Post by anna on Aug 15, 2014 8:51:46 GMT
I am just starting an online bible study www.salvationhistory St Paul Center for Biblical Theology.
I found the following really enlightening, and encouraging. The point of whole Bible story is for God to reveal Himself to us and asks us to enter into a family relationship with him. So thought I 'd share:
I found the following really enlightening, and encouraging. The point of whole Bible story is for God to reveal Himself to us and asks us to enter into a family relationship with him. So thought I 'd share:
III. Salvation History: The Story the Bible Tells
A. Salvation History and Covenants
The first thing to know is that the Bible gives us history from God’s perspective. It shows us that all throughout time, God is working to bring us salvation. That’s why we say that the Bible gives us "salvation history."
This salvation history, in turn, hinges upon the "covenants" that God makes with his people throughout the Bible. The great early Church Father, Irenaeus, recognized the need for studying salvation history in terms of the covenants: "Understanding ...consists in showing why there are a number of covenants with mankind and in teaching what is the character of those covenants"
What is a covenant? Let’s start with what it’s not. A covenant is not a contract.
Contracts are deals where two parties make a promise that involves some exchange of goods or services or property. Usually they seal their contract by giving their "word" - their name - in the form of their signature.
When parties make a covenant, they swear oaths. Oaths are more than promises. Instead of swearing by their own name, they swear by the highest name, by the name of God.
You know the formula from all the courtroom dramas, you’ve seen on TV: "Do you swear to tell the whole truth and nothing but the truth, so help you God?" That’s an oath formula. You ask for God’s help to tell the truth ("so help me, God") and it’s implied that if you lie, you’re going to be punished by God.
Covenants involve, not an exchange of property, but an exchange of persons. You don’t give somebody your services or goods when you swear a covenant oath - you swear to give them yourself.
Marriage is a good example. It’s a covenant because in the exchange of vows, the woman gives herself to the man and the man gives himself to the woman.
As we will see in the next lesson, when God says to Israel, "You will be my people and I will be your God," that’s a covenant. What’s happening is that Israel is swearing an oath to God - to live according to God’s law as His people, His children. In turn, God is swearing to be Israel’s God, its divine parent. There are blessings for keeping the covenant and curses for breaking it.

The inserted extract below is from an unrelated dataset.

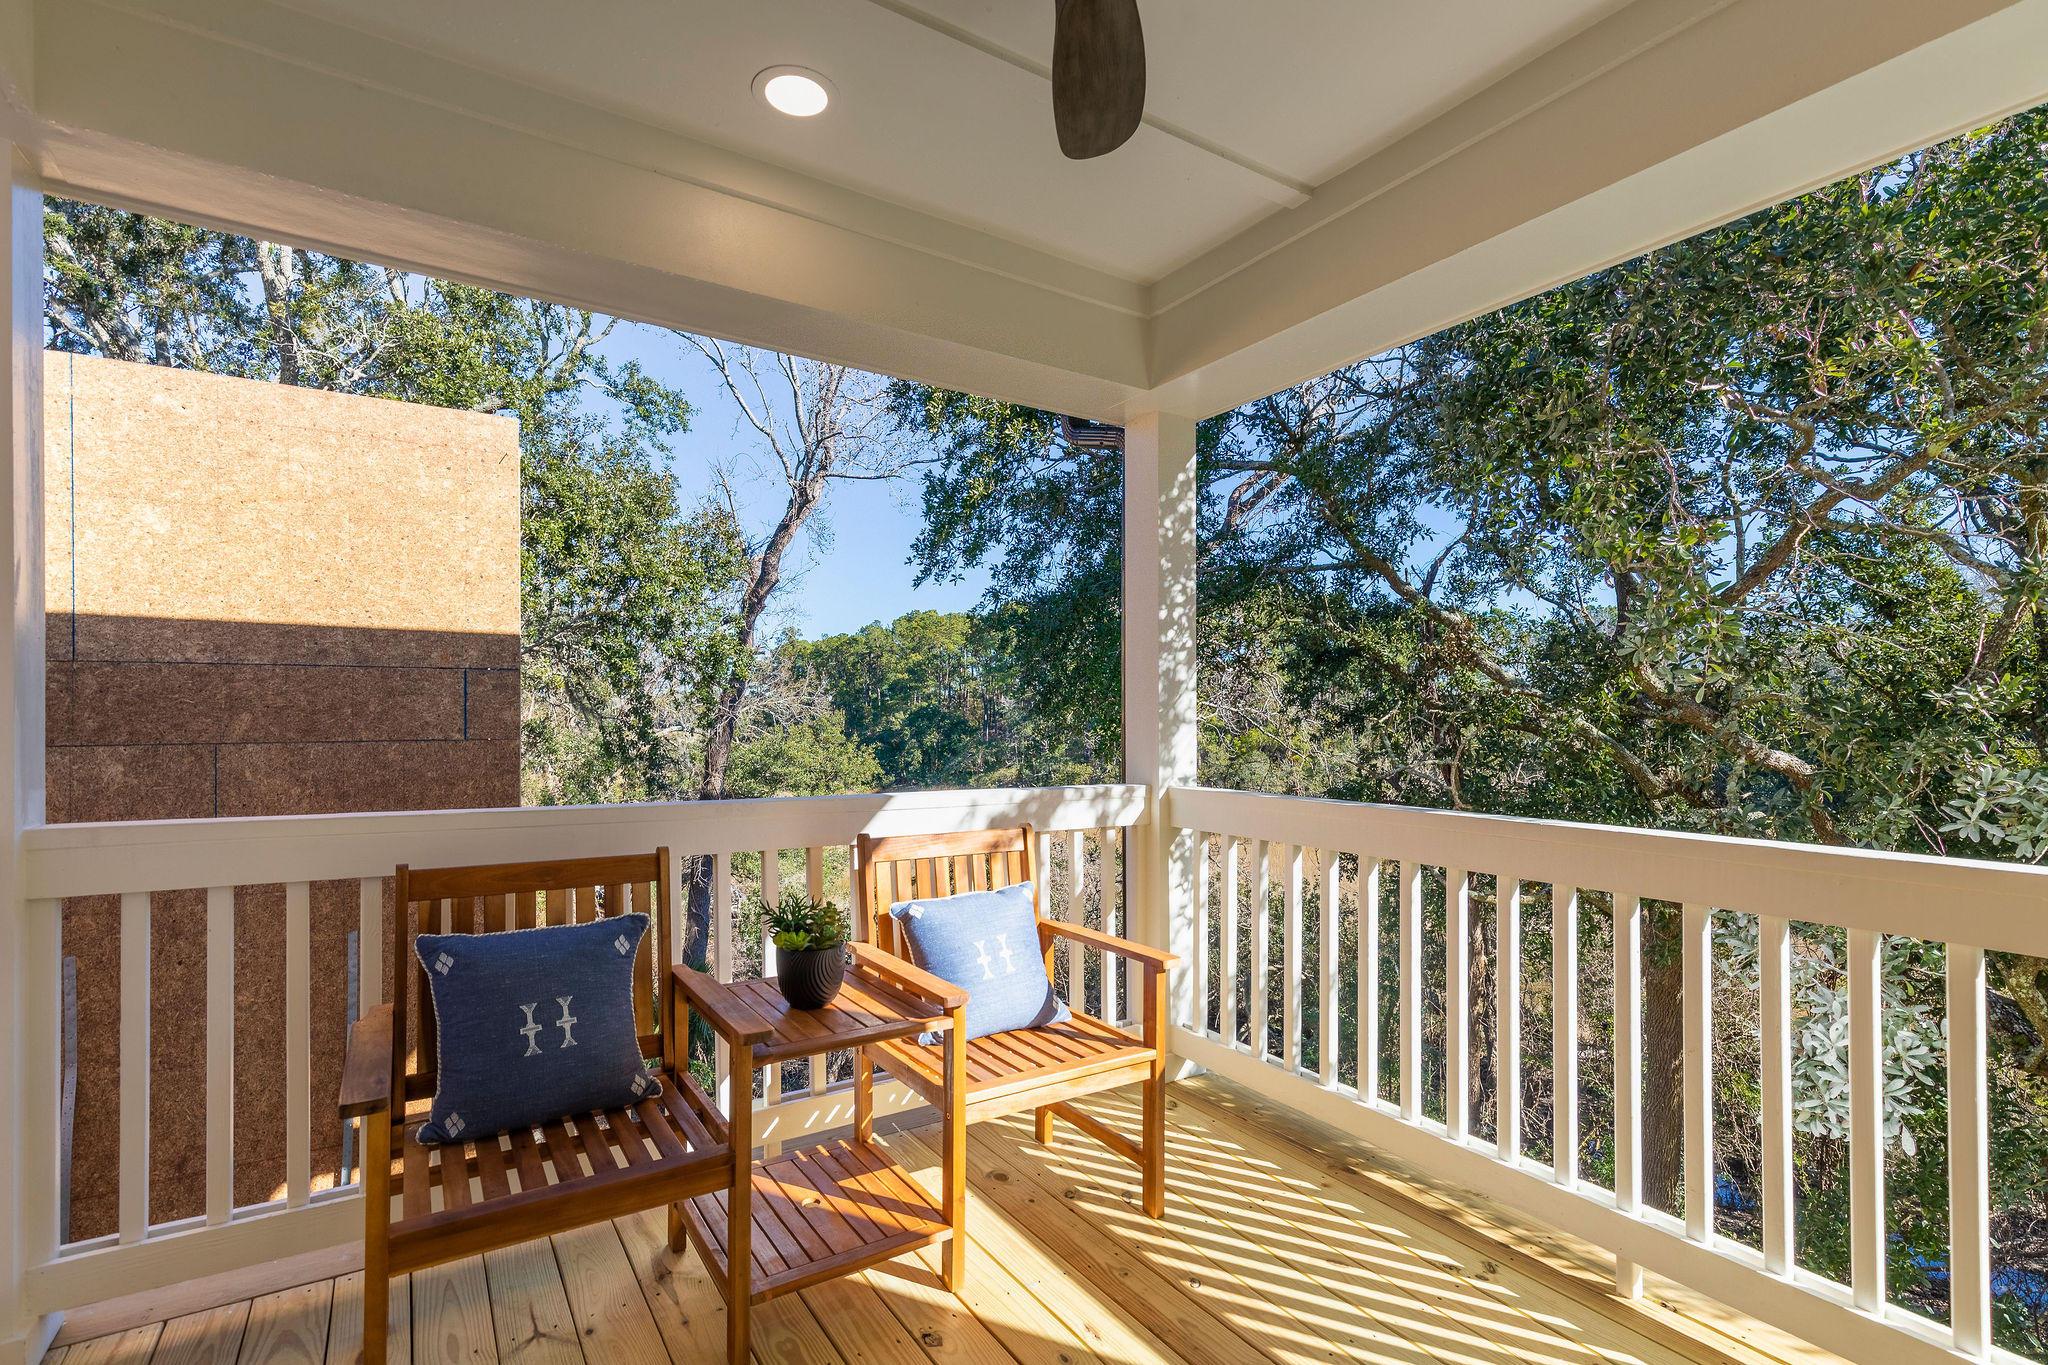 Avenue of Oaks Homes For Sale - 1027 Avenue Of Oaks, Charleston, SC - 11

In the ancient world, covenants made families. Even ancient treaty documents between nations used "father-son" imagery. Outsiders were "adopted" into a tribe through covenant oaths. So, when we study the Bible we need to see how the meaning of "covenant" is steeped in that ancient idea of family-making.
The whole Bible can be outlined as a series of family-making covenants.
That’s the "point" of the whole Bible story - how God, through these covenants, reveals more and more of Himself to his creatures and asks them to enter into a family relationship with Him. St. Paul sums up God’s intentions, this way: "As God said: ‘I will live with them and move among them, and I will be their God and they shall be my people.’....‘I will be a Father to you, and you shall be sons and daughters to Me,’ says the Lord Almighty." (see 2 Corinthians 6:16-18).
Throughout the salvation history told in the Bible God acts through His covenants to extend the Family of God. He starts small with just two people, Adam and Eve, and proceeds - through Noah, Abraham, Moses, David - until finally all nations are brought into the covenant through Jesus Christ.
The plan from the beginning was to make all men and women into His sons and daughters through the covenants, which are all summed up in Jesus’ New Covenant, where God sends us "a Spirit of adoption, through which we can cry, Abba, ‘Father!’" (see Romans 8:15; Galatians 4:5; Ephesians 1:5).